Глава 12. Артур Конан Дойль, консультирующий детектив
Адвокат Слейтера Юинг Спирс, чей меморандум помог предотвратить смертный приговор его подопечному, умер от инсульта в декабре 1909 года. Ему было 37 лет. Его сменил адвокат Александр Шонесси, который и убедил Конан Дойля заняться делом Слейтера.
Шонесси не смог бы найти лучшего защитника. К началу работы над делом Слейтера в 1912-м сэр Конан Дойль был одним из самых знаменитых людей Великобритании. После первых успехов он стабильно двигался вперед, завоевывая все большее внимание публики: в 1896 году он писал в Westminster Gazette репортажи о войне между англичанами и египетскими «дервишами»; в 1900-м, посреди Англо- бурской войны, в качестве военного врача отправился добровольцем в кишащий заразой южноафриканский полевой госпиталь. («Для них пули, для нас микробы, то и другое ради чести флага», — напишет он с характерной патриотической торжественностью.) В 1902-м он опубликовал сообщение об этом конфликте «Война в Южной Африке, ее причины и ведение» и в том же году удостоился рыцарского звания за заслуги в связи с войной. В Европе и Америке он выступал с лекциями.
Он также продолжал публиковать рассказы о Шерлоке Холмсе, которые уже успели сделать его одним из самых высокооплачиваемых писателей. «В историческую эпоху, когда деловой представитель среднего класса зарабатывал в Великобритании 150 фунтов стерлингов в год, Конан Дойлю платили 100 фунтов за тысячу слов, — отмечал американский автор детективов Стивен Уомак. — Американский журнал Collier's Weekly однажды предложит ему 25 тысяч долларов за шесть рассказов о Шерлоке Холмсе — для большинства американцев того времени это доход примерно за десять лет или более. Говоря в современных терминах, Конан Дойль был Стивеном Кингом своей эпохи».

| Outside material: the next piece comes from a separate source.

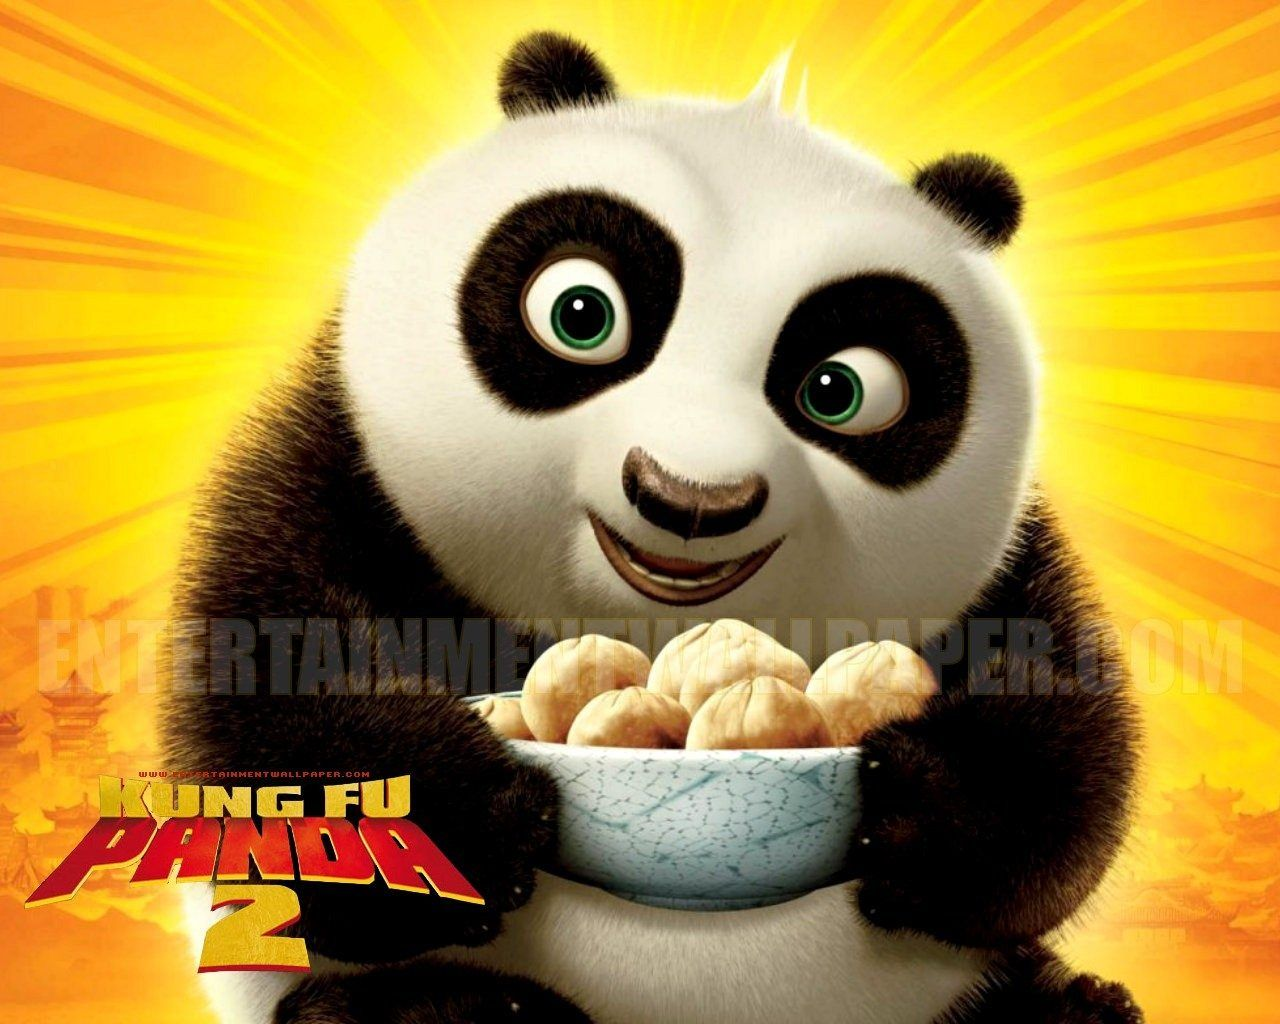 More Kung Fu Panda 2 Wallpaper On Page Prev 1 2 3 4 Next Kung Fu Panda Cartoon Wallpaper Panda

Конан Дойль, разделявший взгляды, свойственные Викторианской эпохе, как и большинство публичных деятелей тех времен, при этом оставался довольно стойким к антисемитизму, захватившему общество. Его повествования о поездке по фронтам Первой мировой войны, например, демонстрируют либерализм, хотя для современных читателей они тоже омрачены некоторым количеством стереотипов:
В тот день я обедал в штабе сэра Джона Монаша, отличного офицера, прекрасно себя показавшего, особенно после наступления… Он отметил, что евреи еще со времен Иисуса Навина показали себя как хорошие воины. Один из австралийских дивизионных генералов, Розенталь, тоже оказался евреем, и весь главный штаб полнился черноволосыми воинами с орлиными носами. Это говорило в их пользу и также в пользу совершенного равноправия в австралийской системе, которая ставила во главе самых лучших, кем бы они ни были.
Конан Дойль оставлял отпечаток духа эпохи на всем, чем занимался: на потоке писем в газеты о важных для него предметах; на публичных кампаниях за изменение семейного законодательства Великобритании в пользу женщин, стремящихся, как он писал, бежать «от объятий пьяниц, от подчиненности жестоким мужьям, от цепей, приковывающих их к злодею или жестокому маньяку»; а кроме того — на своей роли родителя.
В письме биографу Конан Дойля Пьеру Нордону в 1959 году, почти через 30 лет после смерти отца, Адриан Конан Дойль рассказал характерный случай:
Когда я застрелил крокодила в Восточной Африке — настоящего людоеда, который предыдущей ночью убил негра, — какой-то юноша бросился в воду посмотреть, можно ли достать шестом до туши, ушедшей под воду. Мы не знали, выжило чудовище или нет, есть ли у него пара. Юноша полез в реку несмотря на запрещающий окрик отца, но, когда он оказался в воде, мне тоже пришлось лезть в реку; несмотря на испытываемый страх, я знал: отец сочтет необходимым и естественным, чтобы я скорее нарушил приказ, чем позволил человеку рангом ниже, чем его сын, взять на себя страшный риск, от которого я уклонился. То был кодекс поведения такой же ясный, как пылающее перед алтарем пламя, и почти такой же приятный, как периодическое прикосновение этого пламени к твоей плоти.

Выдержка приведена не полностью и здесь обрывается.